A while back, I wrote a factual article about the possibility that some crook employers may sell the personal information of their own employees to make an extra buck. Although this is a low risk that would present itself in any corporate security and privacy risk assessment, I wrote that particular article based on a reported piece of news of one such case in which the employer, for whatever reason, sold the personal information of its own company employees. Soon after the publication of my factual article, a blogger made a comment about backing my article with facts, evidence and reported news. So I updated my article to add the piece of the news based on which I had originally drafted the factual article as evidence. The point I want to make is not only in this case I had identified the possibility of such scenario (risk identification), I also had evidence (reported news) that my described risk (employer selling employee information) can actually occur and has occurred. But, we don’t always need to have concrete evidence to prove that identified risks in our assessments and articles are possibilities that can and will actually occur in real life. Why? Because that would be identifying risks after the fact. Companies perform risk assessments to foresee what challenges, threats and impact they might face in the future so that they can prepare for those scenarios by identifying where they might be most vulnerable. It’s OK to develop one’s risk assessment objectively and write a factual article based on professional judgment and occurred events, but most sophisticated risk managers must subjectively foresee the future risks even if they have not yet occurred.
Consider for a minute the events of the September 11, 2001 attacks also known as 9/11, which consisted of a series of coordinated terrorist and suicide attacks upon the United States of America. Is this something that had occurred in the past? No. Should have the building owners or the insurance companies foreseen and identified those events in their risk assessments to protect their assets? Yes. I admit that risks cannot always be foreseen as exactly as they might occur, however, astute risk managers should be able to predict certain threatening events to protect their companies and assets. When performing a risk assessment for the protection of a building like the World Trade Center, all risk scenarios must be considered. For example, flood, power outage, shattered windows, non-operational emergency exit doors, earthquake, and even building collapse of various levels might be considered. Having said that, a collapse can be caused by a bomb placed inside the building, missile attack, or a suicide plane.

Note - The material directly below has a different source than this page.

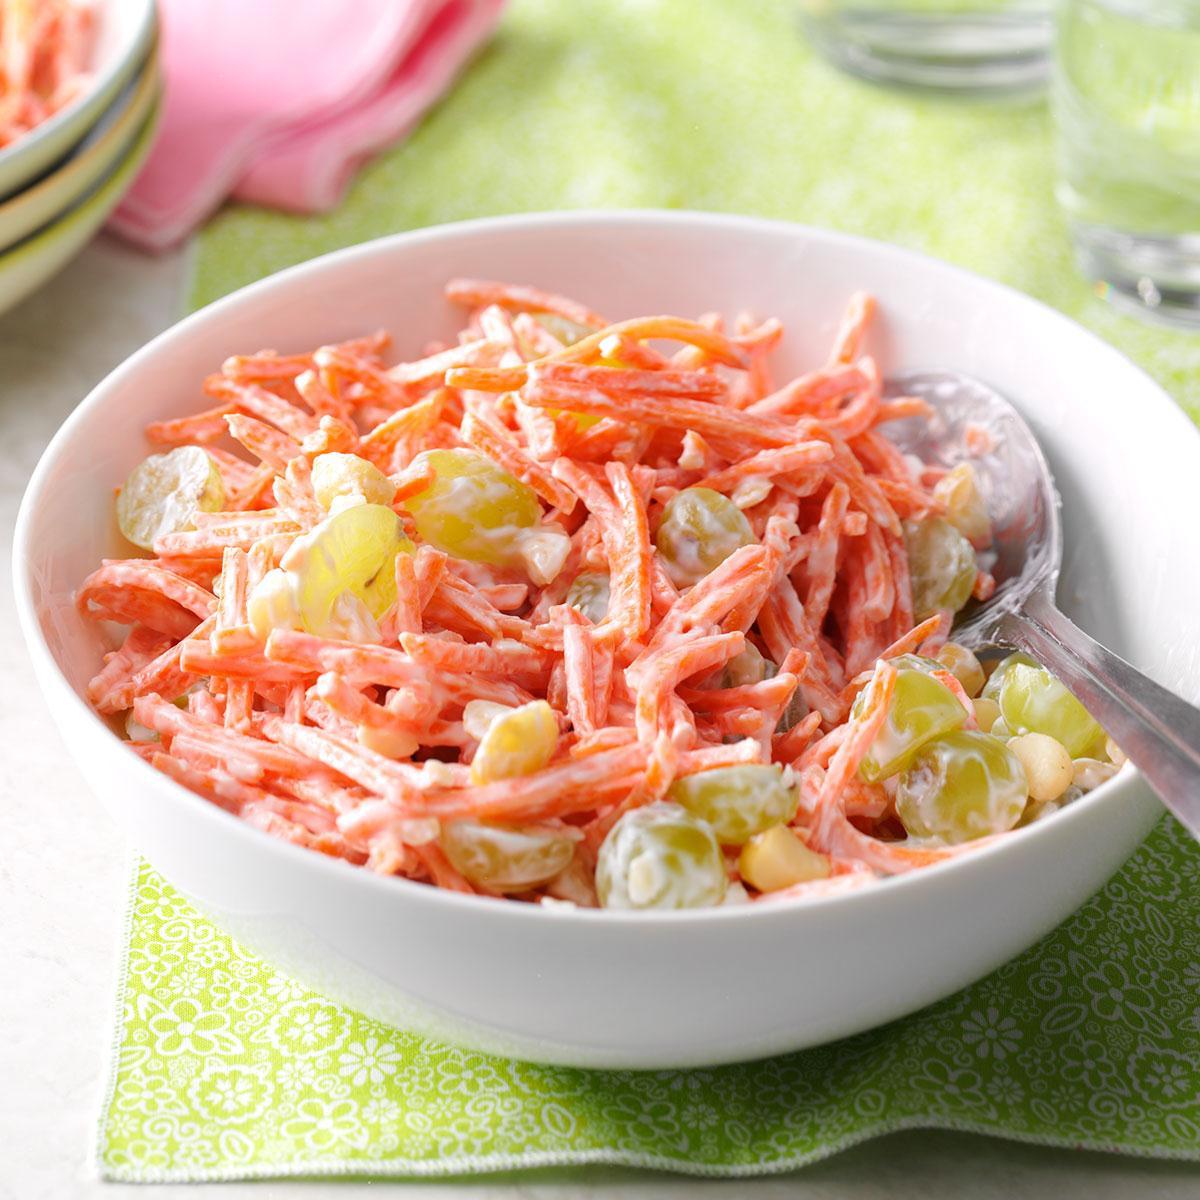 Carrot Salad Recipe  Pina Colada Carrot Salad Recipe
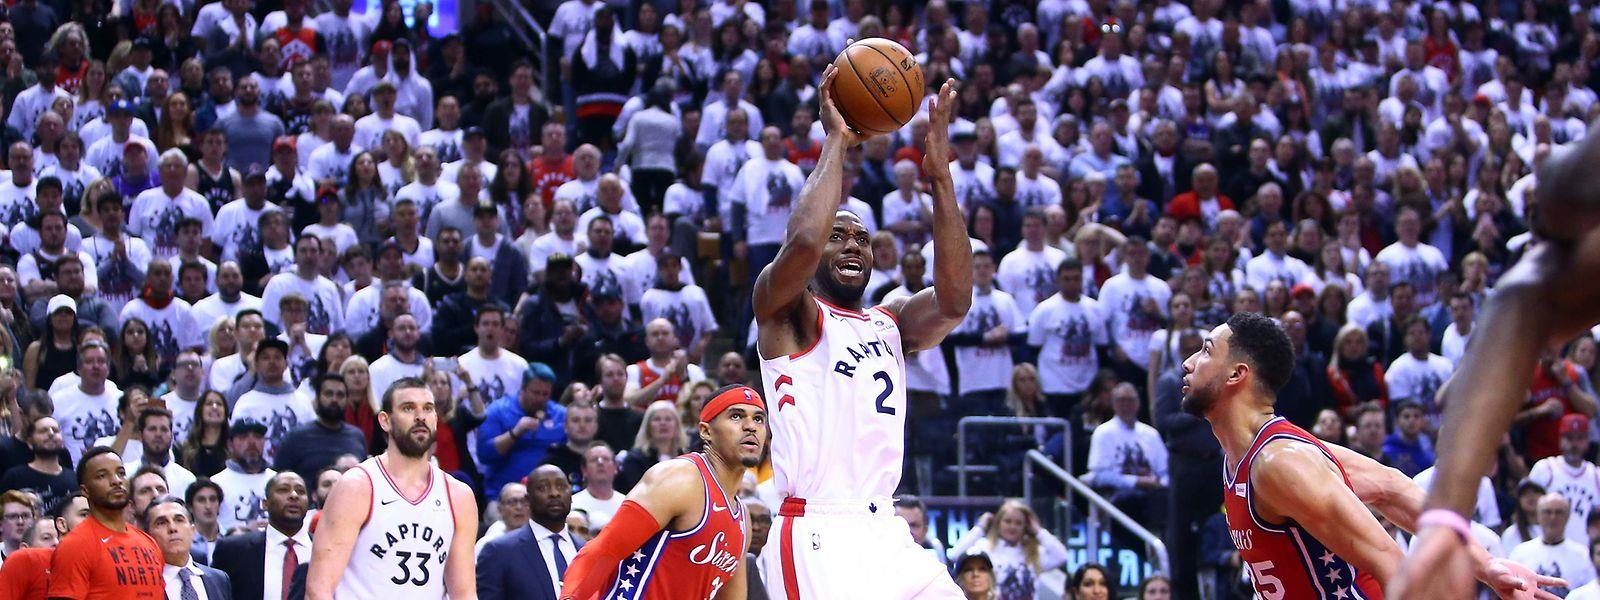 Kawhi Leonards goldener Wurf bescherte den Toronto Raptors einen Last-Minute Sieg.

If we fail to identify the various possibilities of building collapse due to external threats in our risk assessment because such event has not occurred or been reported in the past, then our risk assessment is not complete and when such event occurs, we might lose billions because the event wasn’t identified as a risk and was excluded from the insurance contract.
The same example can be applied to the possibility of employers selling the personal information of their own company employees. Any time and in any corporate environment, we make a decision to grant access to certain people and certain confidential information, we take a risk that those people with privileged access may at some point abuse their access privileges and sell the valuable information in the marketplace. Even though, there may not be a reported news about an employer selling its clients’ information, the fact that anyone with privileged access can abuse his or her access is a possibility, whether it’s the president of the company or the secretary who has been granted similar access rights by the boss. Personal information trade is very lucrative business and last time I checked, you can acquire a social security number online for $35 to $45 US dollars among other personal information like personal cell phone logs and more.
In conclusion, we must see risks for what they are and what they might be in the future in order to protect the companies we work for and our own assets. Some risks are known facts and others just happen to be future threat possibilities based on changes in the social environment, corporate culture, global conflicts, and technology. All of the identified threats have to be carefully assessed for their occurrence probability, impact, and potential safeguards. We may choose not to protect ourselves against some of the threats, but at least we have to acknowledge their possibility of occurrence and selectively decide to ignore them based on educated risk assessment.